Como parte de sua plataforma de campanha, a vice-presidente Kamala Harris tem promovido a criação de um imposto sobre ganhos de capital não realizados, aplicável a ativos como ações e títulos. De acordo com a nova proposta, indivíduos com patrimônio líquido superior a US$ 100 milhões teriam que pagar uma taxa mínima efetiva de 25%. Embora a ideia não seja inédita, ela gerou polêmica, com críticos questionando sua constitucionalidade e viabilidade.
Harris, candidata democrata à presidência, apoia o aumento de impostos proposto pelo presidente Joe Biden no orçamento para o ano fiscal de 2025, que inclui um plano para tributar ganhos de capital não realizados para aqueles com patrimônio acima de 100 milhões de dólares.
A proposta enfrenta desafios significativos para aprovação no Congresso.
“É extremamente complexa e exige muitos detalhes para funcionar corretamente,” comentou Garrett Watson, analista sênior de políticas da Tax Foundation.
Entre os principais desafios estão a avaliação de ativos ilíquidos ou de difícil avaliação, como empresas privadas. Watson observou que o IRS (Receita Federal dos EUA) precisaria realizar avaliações para assegurar que o imposto seja calculado e pago corretamente.

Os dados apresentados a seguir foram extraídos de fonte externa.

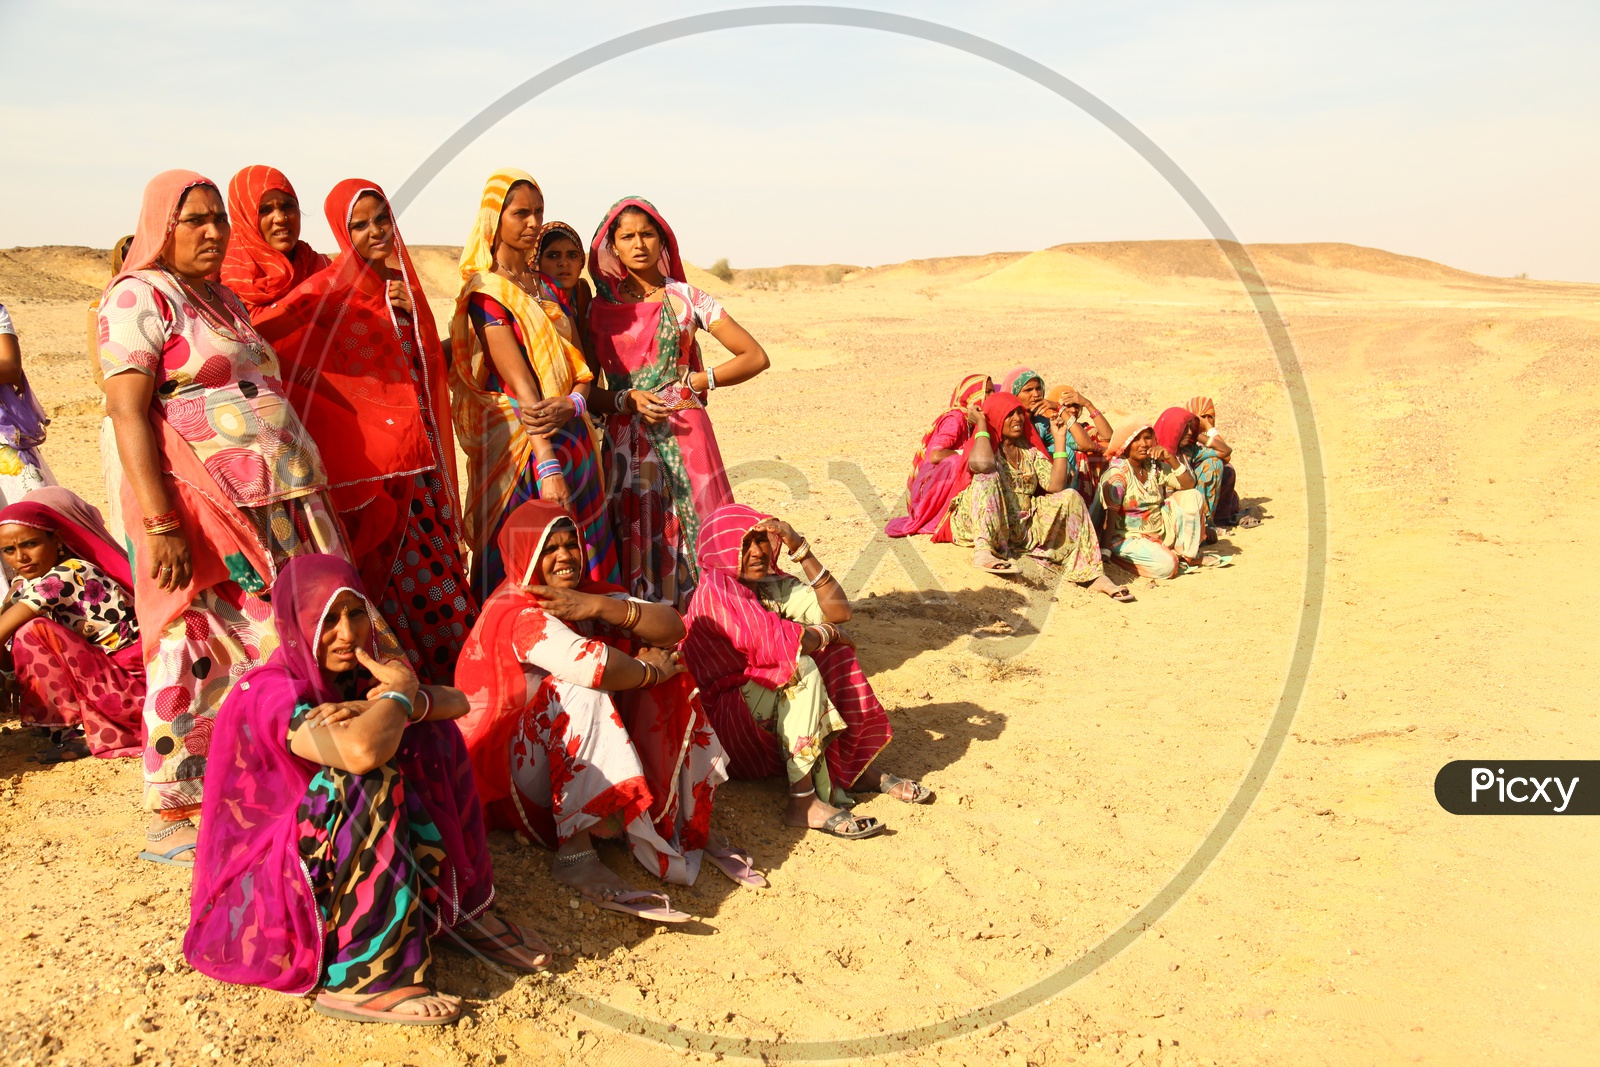 Local rajasthan Woman Wearing Their traditional Sarees in Desert
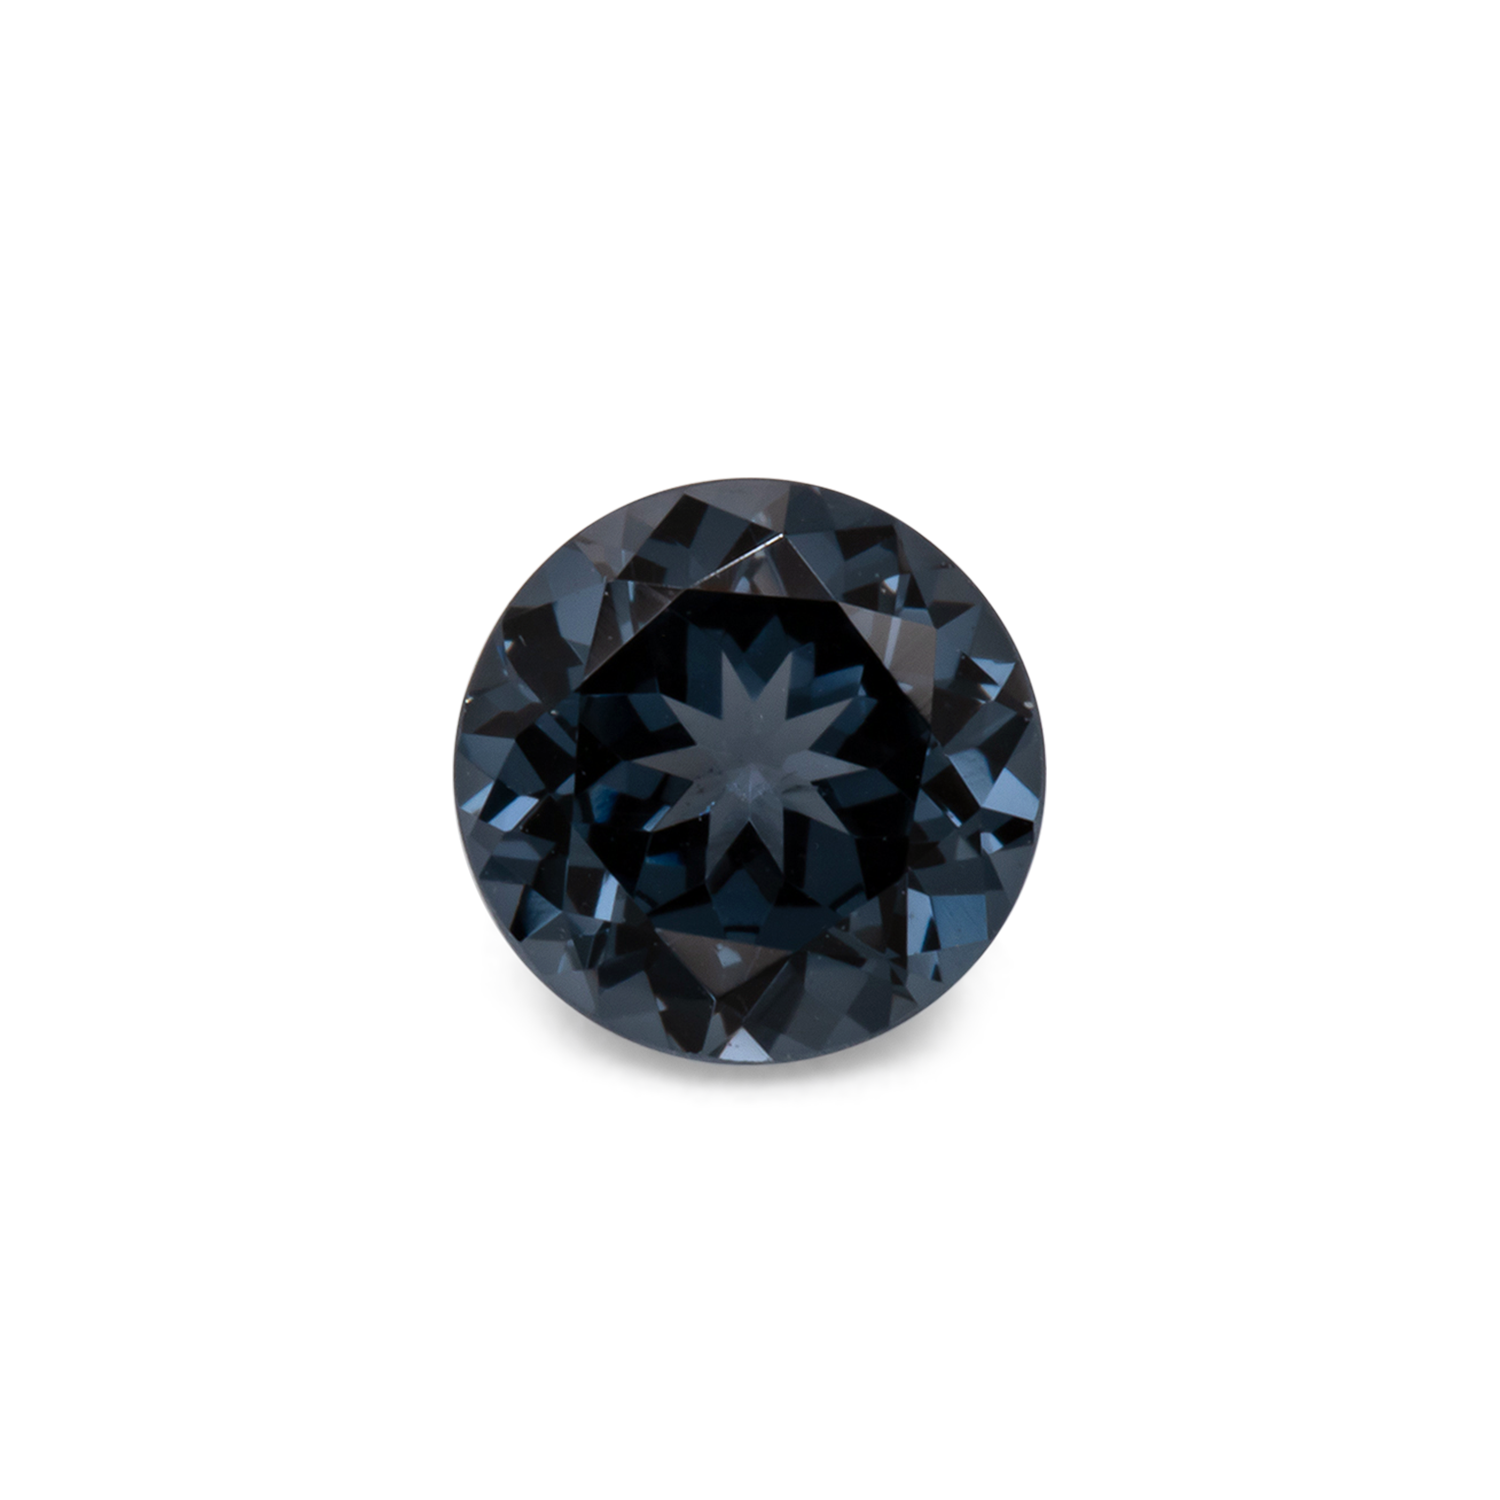 Spinel - grey, round, 5.5x5.5 mm, 0.67 cts, No. SP90050

Outro ponto problemático é que o governo teria que oferecer créditos para eventuais perdas que os investidores possam enfrentar, o que também está previsto na proposta.
“Em uma recessão, quando os ganhos se transformam em perdas, o governo teria que reembolsar essas pessoas — ou seja, emitir cheques para bilionários,” acrescentou Watson. “Isso não parece ser uma boa aparência.”
Harris afirmou que suas políticas visam construir uma “economia de oportunidades” para a classe média americana. Tradicionalmente, investidores não pagam impostos sobre ganhos em ações e outros ativos até que estes sejam vendidos e realizados. Harris e seus apoiadores argumentam que a tributação dos ganhos não realizados deveria ocorrer mais cedo, já que os investidores não pagam impostos até a venda do ativo. Além disso, quando o investidor falece, uma provisão fiscal conhecida como “step-up in basis” permite que os herdeiros ajustem o valor do ativo herdado ao valor de mercado justo, minimizando o imposto.
O Instituto de Tributação e Política Econômica (ITEP), um think tank progressista, defendeu a proposta, argumentando que a tributação dos ganhos não realizados ajudaria a fechar uma grande brecha fiscal para os americanos mais ricos.
“Nosso código tributário é mais permissivo com indivíduos extremamente ricos, que têm mais acesso a esse tipo de renda do que a maioria de nós, que pagamos impostos sobre a renda do trabalho conforme a recebemos,” escreveu Steve Wamhoff, diretor de políticas federais do ITEP, em um blog no ano passado.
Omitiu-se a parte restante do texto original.